#### Extracted records ####

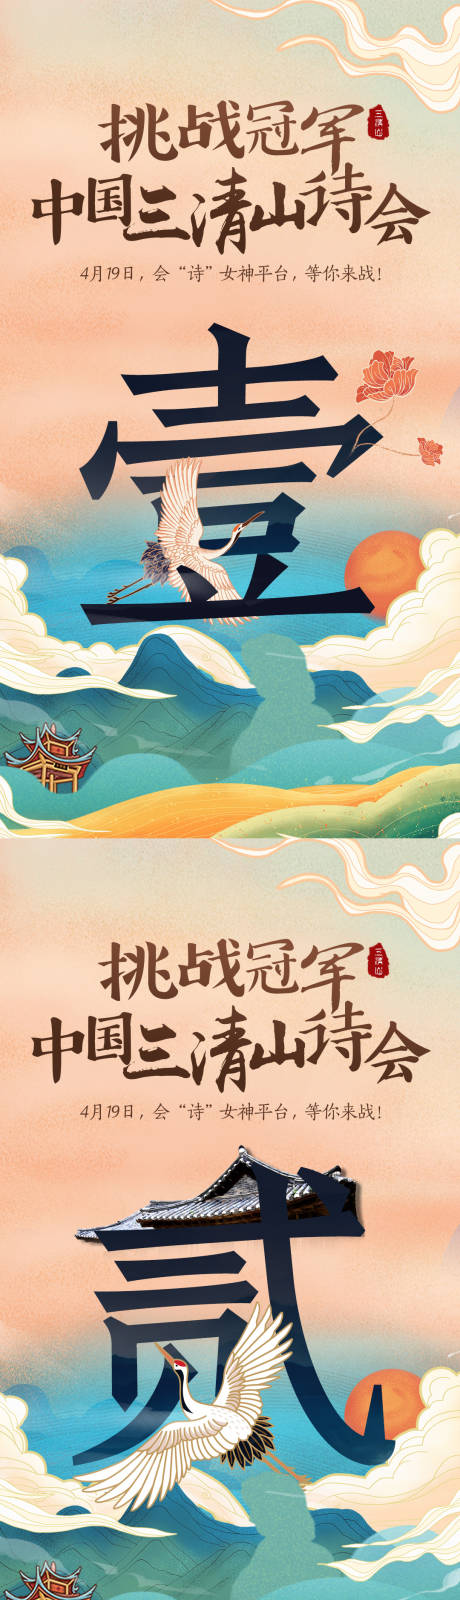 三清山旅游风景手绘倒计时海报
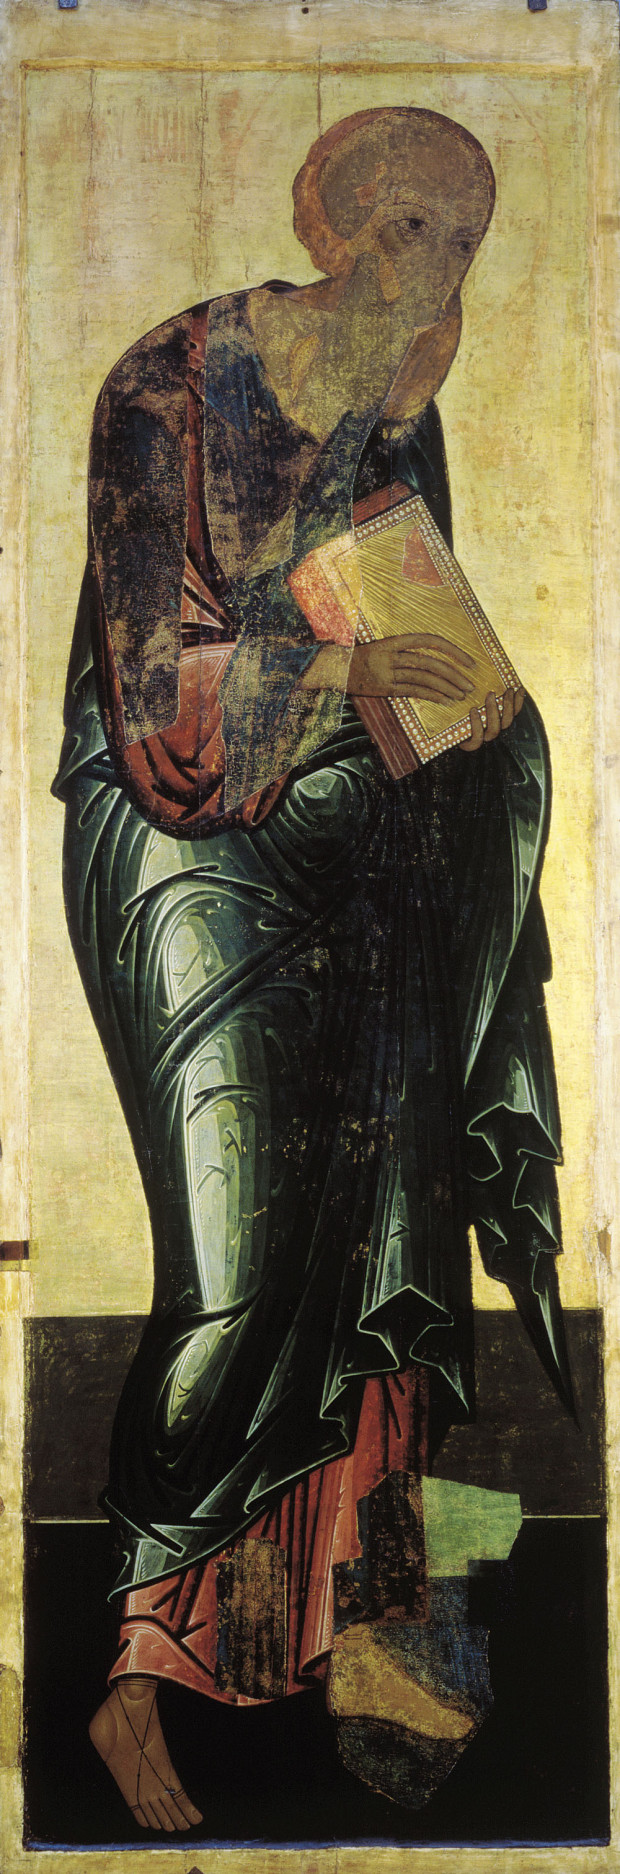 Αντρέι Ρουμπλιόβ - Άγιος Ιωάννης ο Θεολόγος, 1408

####
#### Extracted records ####

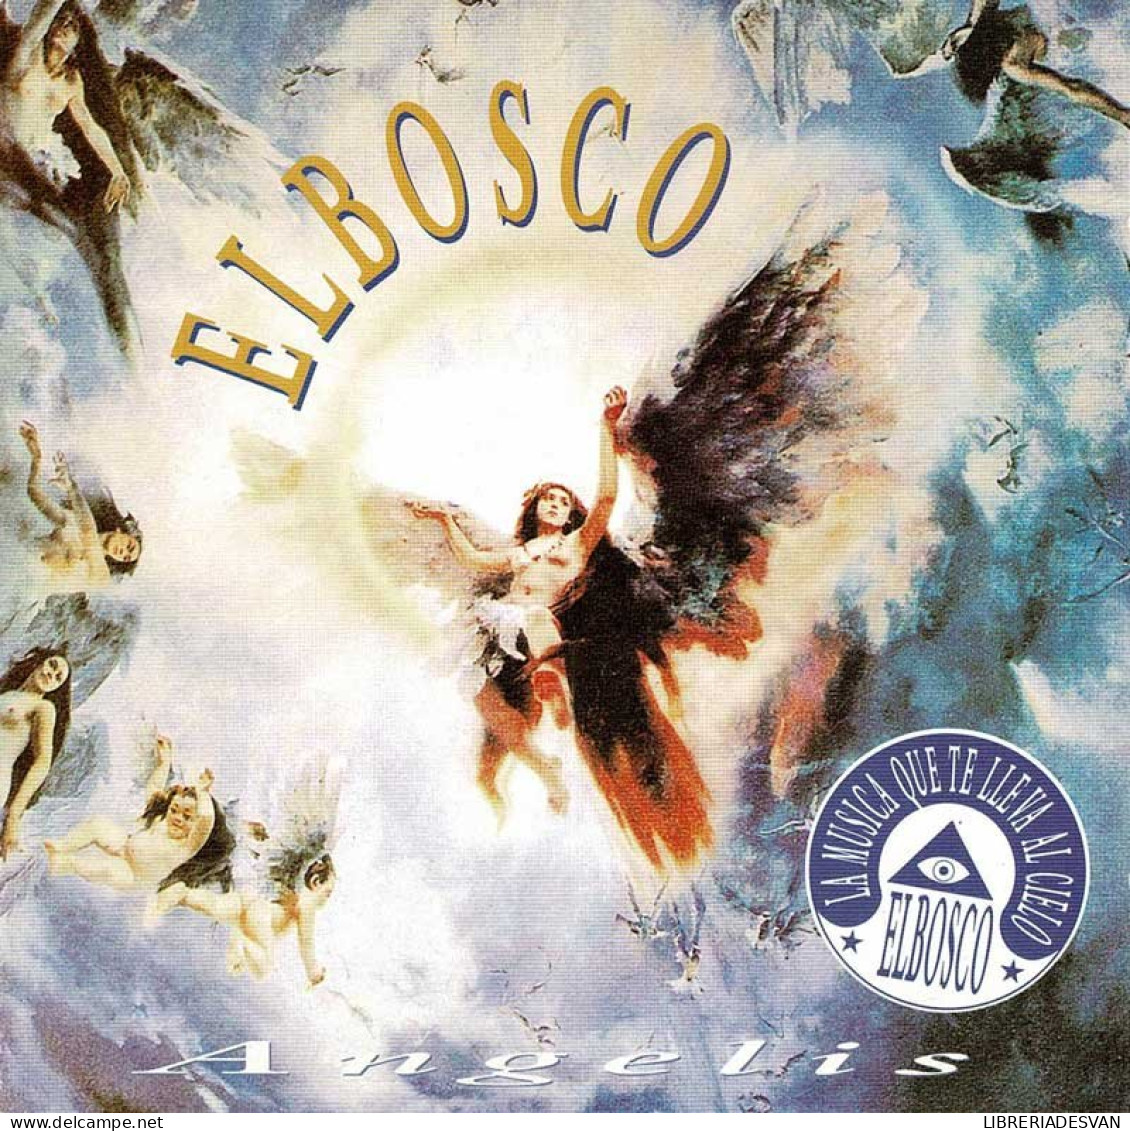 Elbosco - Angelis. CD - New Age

####

- [Activity]:
Exactly as written above, retype the lines starting at the one holding "三清山旅游风景手绘倒计时海报" and ending at the one holding "Αντρέι Ρουμπλιόβ - Άγιος", both included, but not the pictures.

- [Answer to this task]:
 三清山旅游风景手绘倒计时海报
 Αντρέι Ρουμπλιόβ - Άγιος Ιωάννης ο Θεολόγος, 1408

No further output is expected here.